Get a common denominator and combine the fractions.Reduce to the simplest form: .$\displaystyle \frac{\sec x\csc x -\tan x}{\cot x\!\cdot\!\frac{1}{\sec x}+\sin x}$
i changed the top to: .$\displaystyle \frac{1}{\cos x}\!\cdot\!\frac{1}{\sin x} -\frac{\sin x}{\cos x}$ . . . . Good!

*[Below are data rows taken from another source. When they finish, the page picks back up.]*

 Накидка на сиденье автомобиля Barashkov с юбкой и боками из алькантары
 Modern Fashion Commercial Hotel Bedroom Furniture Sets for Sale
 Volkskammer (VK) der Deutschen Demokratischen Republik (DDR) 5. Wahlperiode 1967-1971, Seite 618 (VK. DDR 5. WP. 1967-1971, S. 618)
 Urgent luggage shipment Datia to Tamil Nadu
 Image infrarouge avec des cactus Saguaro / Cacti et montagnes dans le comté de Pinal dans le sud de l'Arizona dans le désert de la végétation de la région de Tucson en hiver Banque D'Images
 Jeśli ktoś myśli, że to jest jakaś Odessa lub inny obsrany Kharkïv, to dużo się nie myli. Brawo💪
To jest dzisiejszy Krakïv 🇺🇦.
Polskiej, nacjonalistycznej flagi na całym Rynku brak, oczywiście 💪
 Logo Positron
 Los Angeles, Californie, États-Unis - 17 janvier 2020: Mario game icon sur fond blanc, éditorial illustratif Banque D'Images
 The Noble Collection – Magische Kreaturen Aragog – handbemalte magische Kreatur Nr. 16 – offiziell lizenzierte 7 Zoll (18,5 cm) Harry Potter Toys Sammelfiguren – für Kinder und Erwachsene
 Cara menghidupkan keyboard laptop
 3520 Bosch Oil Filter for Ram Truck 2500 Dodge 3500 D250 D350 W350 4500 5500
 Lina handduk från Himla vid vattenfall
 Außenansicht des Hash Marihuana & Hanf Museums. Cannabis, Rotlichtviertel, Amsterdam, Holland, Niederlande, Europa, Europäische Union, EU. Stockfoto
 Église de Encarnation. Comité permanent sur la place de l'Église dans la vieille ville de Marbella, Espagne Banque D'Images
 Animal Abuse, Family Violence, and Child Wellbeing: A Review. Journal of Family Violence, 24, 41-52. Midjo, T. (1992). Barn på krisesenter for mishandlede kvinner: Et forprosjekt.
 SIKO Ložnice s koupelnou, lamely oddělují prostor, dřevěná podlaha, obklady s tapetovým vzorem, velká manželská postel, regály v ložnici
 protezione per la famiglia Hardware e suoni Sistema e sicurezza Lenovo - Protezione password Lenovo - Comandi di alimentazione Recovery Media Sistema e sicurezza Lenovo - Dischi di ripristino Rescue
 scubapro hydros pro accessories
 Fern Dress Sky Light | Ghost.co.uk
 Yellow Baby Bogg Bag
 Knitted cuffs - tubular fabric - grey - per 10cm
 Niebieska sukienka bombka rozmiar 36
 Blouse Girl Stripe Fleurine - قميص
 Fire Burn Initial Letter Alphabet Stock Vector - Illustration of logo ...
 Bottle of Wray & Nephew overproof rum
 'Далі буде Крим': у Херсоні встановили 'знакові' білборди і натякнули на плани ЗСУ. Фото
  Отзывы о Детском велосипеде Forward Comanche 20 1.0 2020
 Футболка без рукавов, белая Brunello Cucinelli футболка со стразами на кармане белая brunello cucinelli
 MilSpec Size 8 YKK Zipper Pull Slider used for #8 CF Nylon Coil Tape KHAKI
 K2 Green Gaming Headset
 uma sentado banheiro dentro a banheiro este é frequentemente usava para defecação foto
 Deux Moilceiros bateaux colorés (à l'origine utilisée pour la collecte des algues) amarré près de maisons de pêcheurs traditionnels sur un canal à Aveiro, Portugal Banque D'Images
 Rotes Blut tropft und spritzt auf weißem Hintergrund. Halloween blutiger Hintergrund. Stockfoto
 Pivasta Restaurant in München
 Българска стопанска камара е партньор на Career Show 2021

. . $\displaystyle \frac{1}{\cos x\sin x} - \frac{\sin x}{\cos x}\cdot\frac{\sin x}{\sin x} \;\;=\;\;\frac{1}{\cos x\sin x} - \frac{\sin^2\!x}{\cos x\sin x} $
. . $\displaystyle = \;\;\frac{1-\sin^2\!x}{\cos x\sin x} \;\;=\;\;\frac{\cos^2\!x}{\cos x\sin x} \;\;=\;\;\frac{\cos x}{\sin x}$
The denominator is: .$\displaystyle \frac{\cos x}{\sin x}\!\cdot\!\frac{\cos x}{1} + \sin x \;\;=\;\;\frac{\cos^2\!x}{\sin x} + \frac{\sin^2\!x}{\sin x}$
. . $\displaystyle =\;\;\frac{\overbrace{\cos^2\!x + \sin^2\!x}^{\text{This is 1}}}{\sin x} \;\;=\;\;\frac{1}{\sin x}$
The problem becomes: . $\displaystyle \frac{\dfrac{\cos x}{\sin x}}{\dfrac{1}{\sin x}} \;\;=\;\;\boxed{\cos x}$
Let's concentrate piece by piece.
1.$\displaystyle \frac{\cos \left(\frac{\pi}{2} - \theta\right)}{sin^{2}\left(\frac{\pi}{2} - \theta\right) + cos^{2}\left(\frac{\pi}{2} - \theta\right)}$
First off, you should immediately recognize the identity found in the denominator. As for the numerator, if you know your sin
and cos graphs like the back of your hand:
$\displaystyle \cos \left(\frac{\pi}{2} - \theta \right) = \overbrace{\cos \left(\theta - \frac{\pi}{2}\right)}^{ \cos (- x ) = \cos x }$
which is just y = cos x shifted to the right by pi/2. What would that be?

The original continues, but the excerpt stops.